On the Controlled Release of Information:

The controlled release of information – which is more or less what storytelling is – is really, really hard. Especially on Doctor Who, where you do need quite a lot going on, because everything is new. It’s not like you’ve got a big regular cast, or one set that you’re going to see every week. In Doctor Who, you’re lucky if there’s one you see every week! So you need to release quite a lot of information. It’s a whole new world and you have to know what a normal day is like there, so you can twist it.”

“I know that, in the past, Russell has given notes to writers, saying, ‘Tell everyone everything that’s going on, all of the time.’ Broadly speaking, I wouldn’t agree with that to the last heartbeat, but I think that comes from the right place.”

“I think that, right up until the last minute, you’re constantly changing your mind about the release of information in a story. There’s a fine line between mysterious and confusing. And I’ve often drifted over it!”
On Writing Villains:

“[V]illains aren’t necessarily evil. But I do think that straightforward evil is actually meaningless. All the evil acts in the history of the world have been committed with a pretty exact and precise agenda: people do what they think is right. You fly a plane into the World Trade Centre because you think it’s a necessary thing to do – not because you think it’s going to improve your day. It’s an insane and evil act – of course it is, it’s appalling – but it’s done to an end. Real evil is just an agenda we don’t understand, and frequently we have to work out what it is.”

Doctor Who stories work particularly well if there’s a good mystery: how does it all fit together? That’s good, because it puts the Doctor at the centre of the story. He’s going to be the man who decodes it, figures it out and pieces it together. If you just have villains who are evil and want to conquer the universe, what does that actually mean? Think what a lot of admin that would be! But if you have villains with complex ideas of their own, then the Doctor is again at the story’s centre. He works out what they want, and what it is that they’re trying to do. And stops it. But it allows him to have a big dramatic moment where he says, ‘This is what’s been going on,’ and looks clever. Him looking clever is important. Whereas a straightforward military threat brings out the least interesting parts of the Doctor. He becomes a bit superfluous.”

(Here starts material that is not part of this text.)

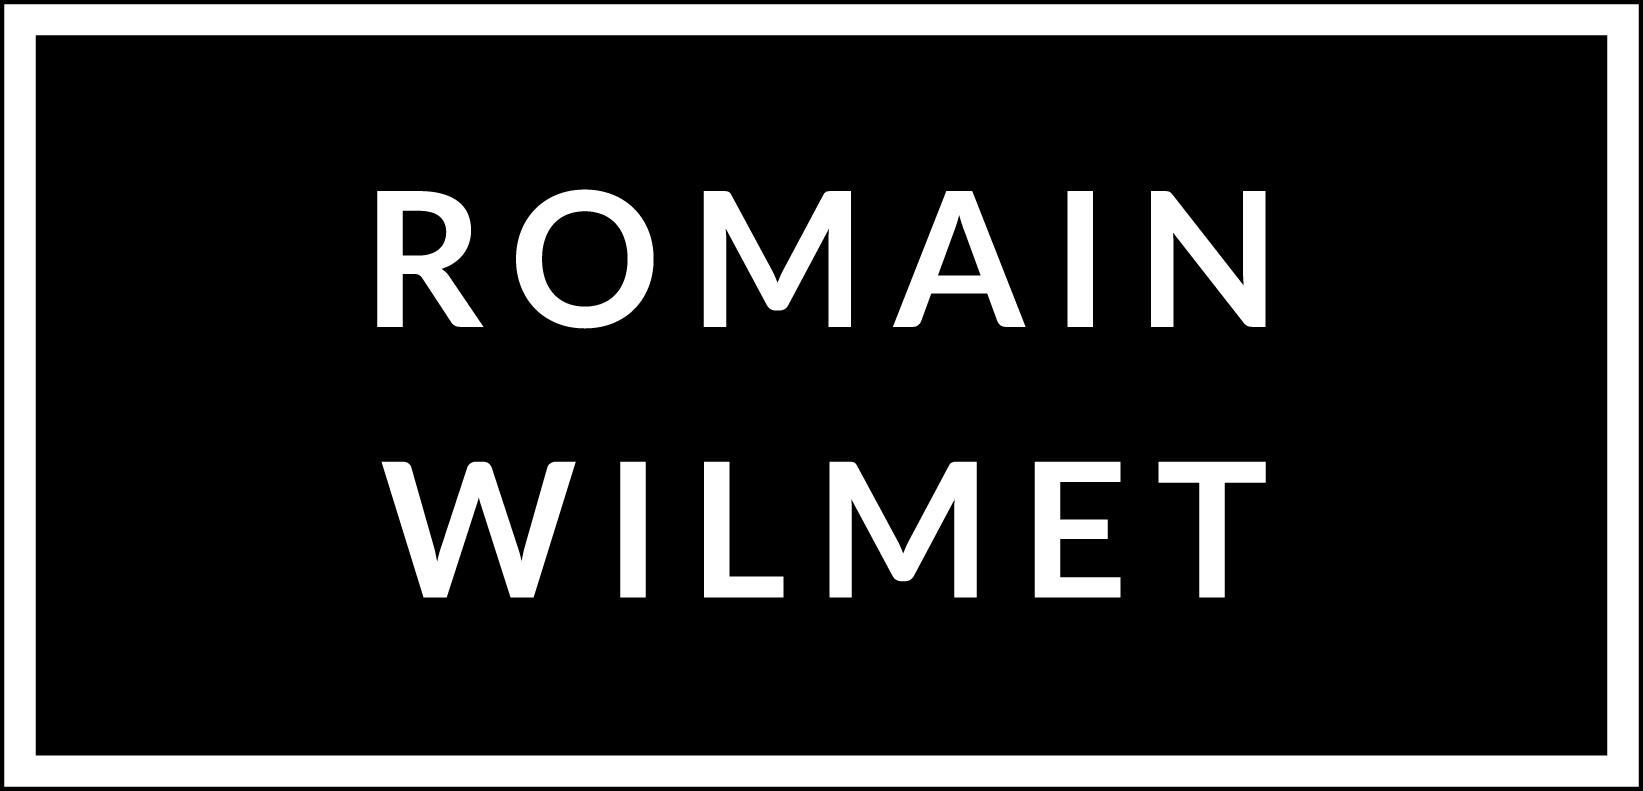 RomainWilmet.com
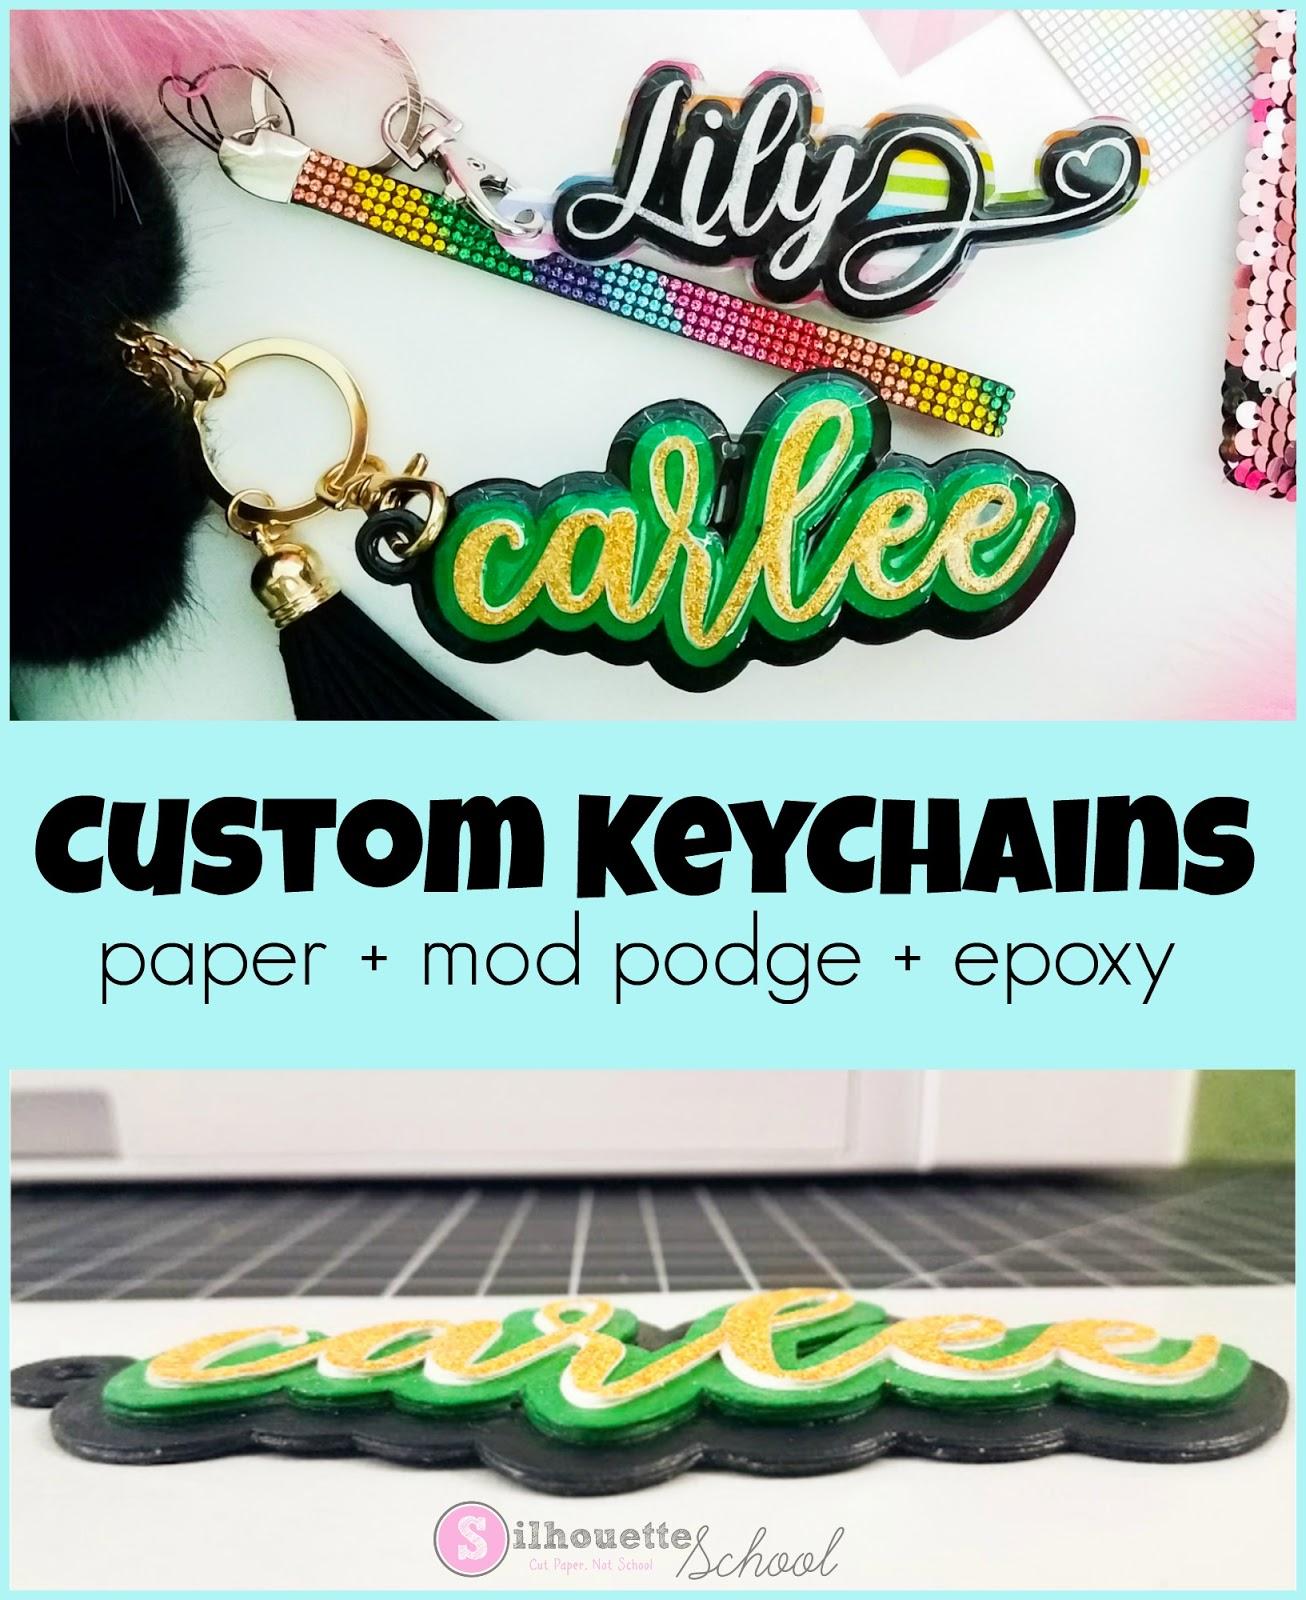 Resin custom keychains

“[Y]ou can have the moral debate. But it’s slightly pointless because it then comes down to, ‘I’m better than you. I’m a good man and you’re a bad one!’ It sort of works with the Daleks, but a lot of the time I’m not really sure I care about that. I care about the cleverness of the hero. So the more mystery there is in the story, the more there is for the Doctor to do. He is a kind of Sherlock Holmes character, who makes quick intuitive leaps and is absolutely brilliant.”

On the Importance of Keeping Secrets as a Writer:

“It changes the experience of writing it if I give too much away. Right now, I’ve got an idea for the ending which I’m extremely excited about, but I don’t wanna say it out loud. Not because it would matter if anyone knew about it, but just because saying it out loud might spoil the magic. You might look disappointed. So I need to cling to this idea. In fact, that’s a relevant thing to say about writing. Before, I’ve told people things and they seem underwhelmed, so I’ve lost faith in it from that point on!”

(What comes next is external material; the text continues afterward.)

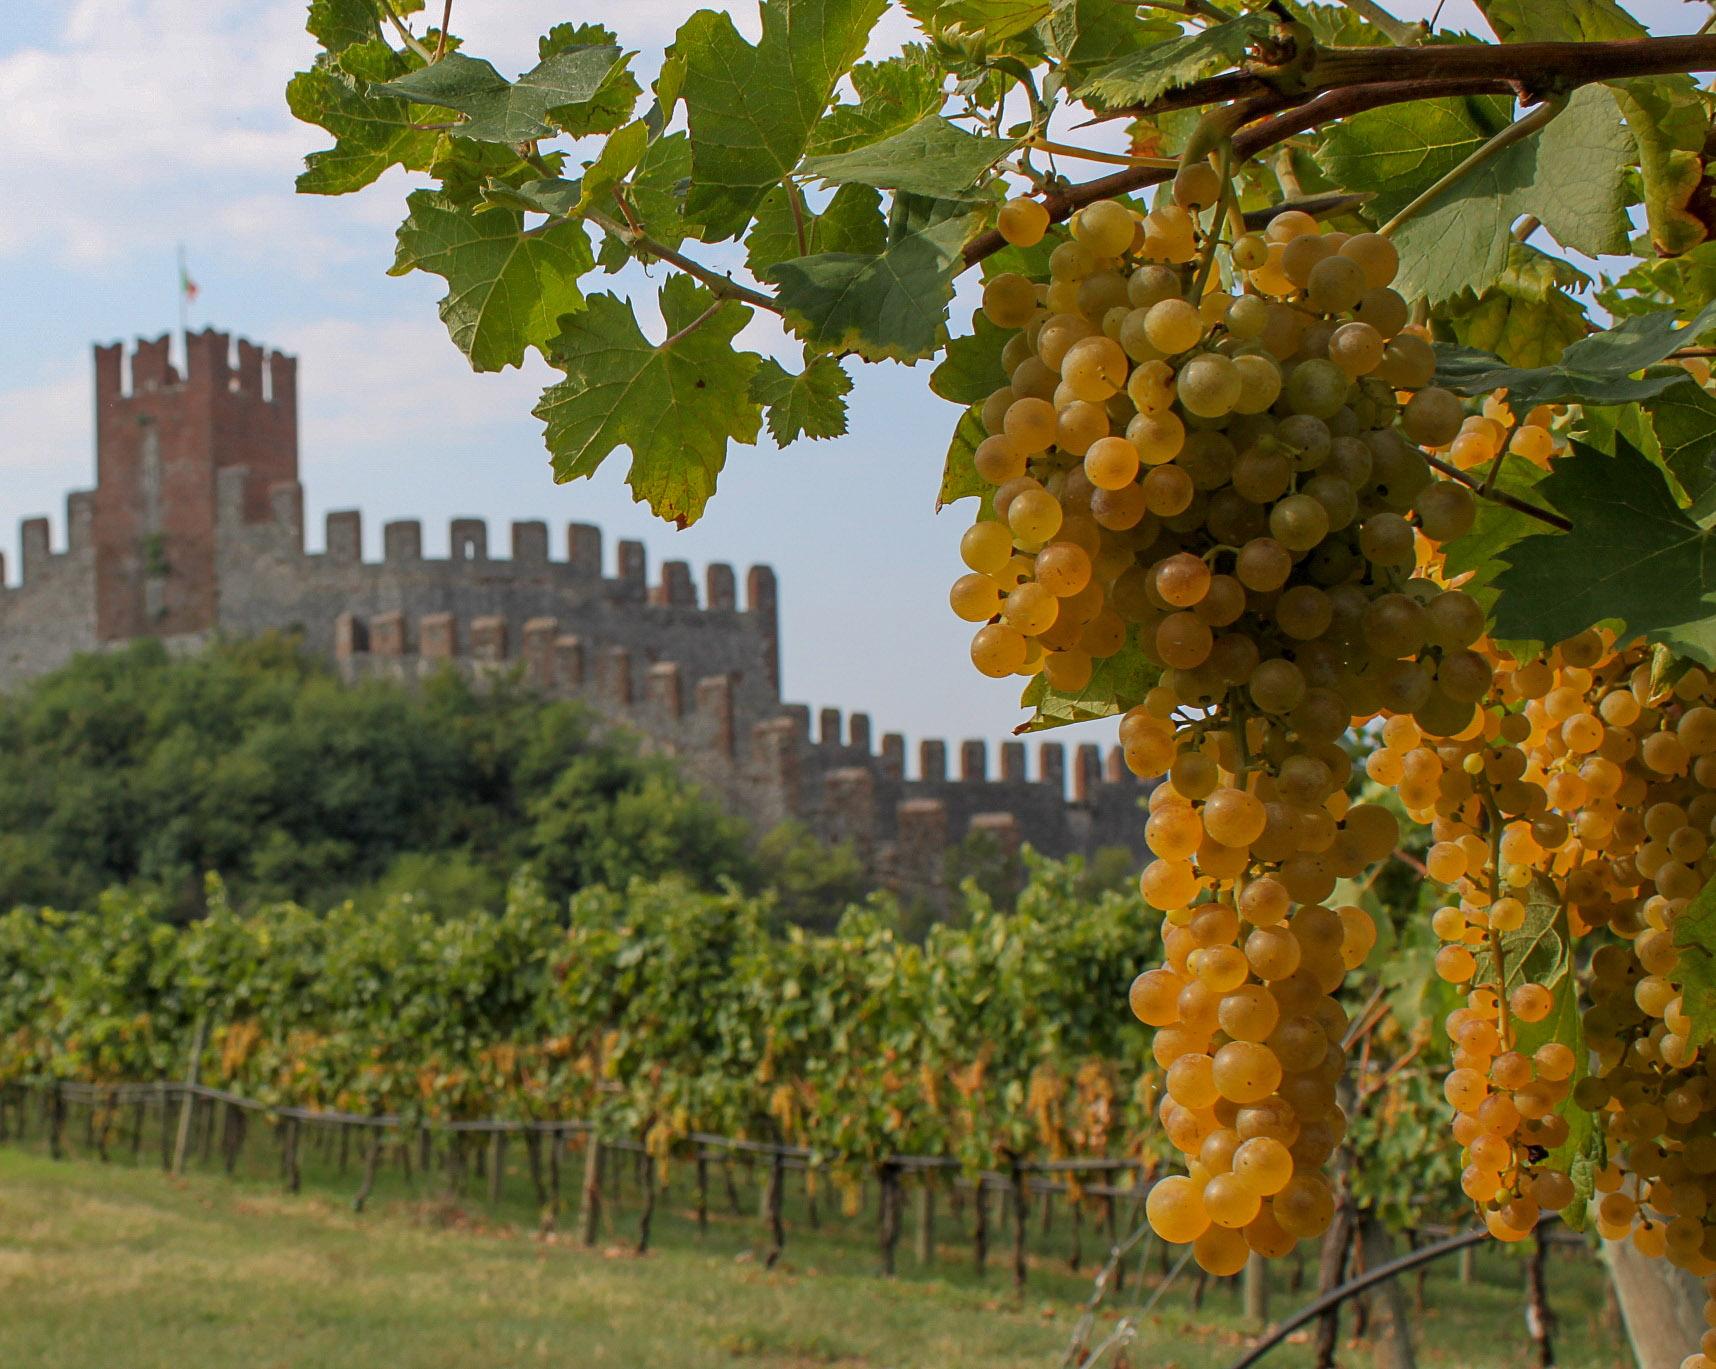 Castello di Soave   ©John Szabo (published by Jacqui Small)

“The most truthful thing I have said in this interview about writing is the importance of these secrets. The magic of Not Telling Anyone Yet. I know Russell thinks that way too – he won’t tell anybody what he’s doing. Because it turns to ashes in your mouth. It almost becomes ordinary.”

On Beginning a New Draft:

“When you have a lot of things to do, sometimes it’s good to write a few pages so you then think, ‘Yes, I can do it.’”

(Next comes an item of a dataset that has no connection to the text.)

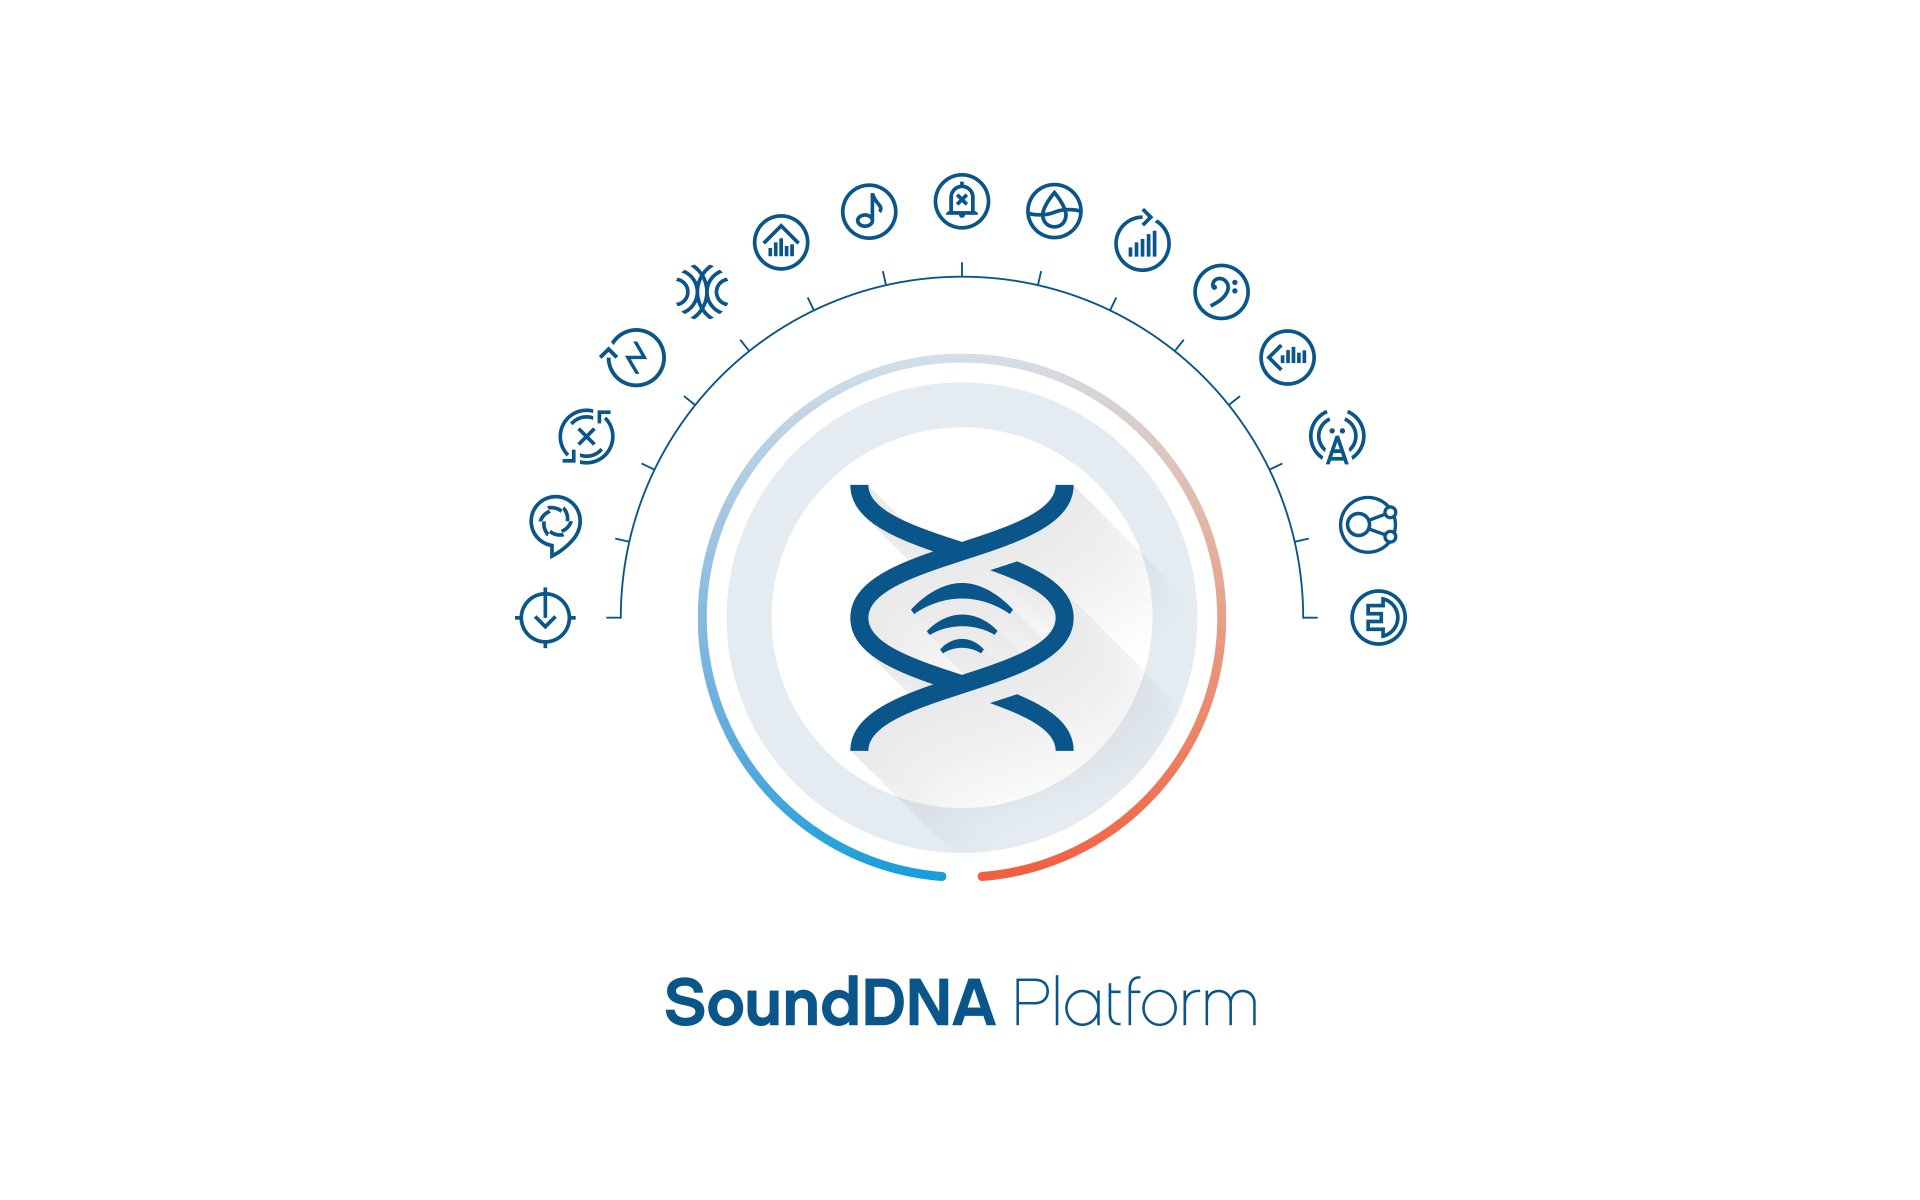 SoundDNA Platform

“You think of an idea, then think of all the things you’d like to do with it. ‘Ooh, it’d be creepy if that happened.’... ‘[S]uppose the cliffhanger was like that!’ You can’t fit all these ideas into the story, but you have a lovely period - a golden honeymoon period - where you think you’ll be able to fit all of those in easily. Then you realise you can’t, and you start prioritising to all the cool bits.”

On the Writing Process:

“There isn’t one single script when I’m not, at some point, sick-makingly terrified of my inability to write it. I mean, it’s just hard! I asked Russell, ‘Do you ever wanna stick your head out the window and shout, I don’t know what I’m doing!?’... [E]very time I make a script work, it feels like luck. I don’t think that feeling ever goes away. It really is that hard, and that’s what it’s supposed to be like. The sheer amount of thinking you have to do, to make this work! When I read scripts that are bad, it’s often because they’re just lazy. The writer hasn’t thought things through in the way that I would. There was a quote from John Cleese, around the time he was ruling the world with Fawlty Towers: ‘If I’m any good at writing comedy, it’s because I know how hard it’s supposed to be.’ And that’s it. It’s shockingly difficult and emotionally upsetting!

No one is that self-assured when they’re writing, or that assured about their writing. There’s no experience worse than handing your script in, and waiting.”

“You can go into an empty room with just a desk and a computer without internet, and you’d still lose focus. Because sometimes you’re not ready to write it. You’re not comfortable with what you’re doing and you have to get there.”

No writer truly stays focused, all day, every day.... Two or three hours will pass and I’ll have done nothing: not even had a useful thought!”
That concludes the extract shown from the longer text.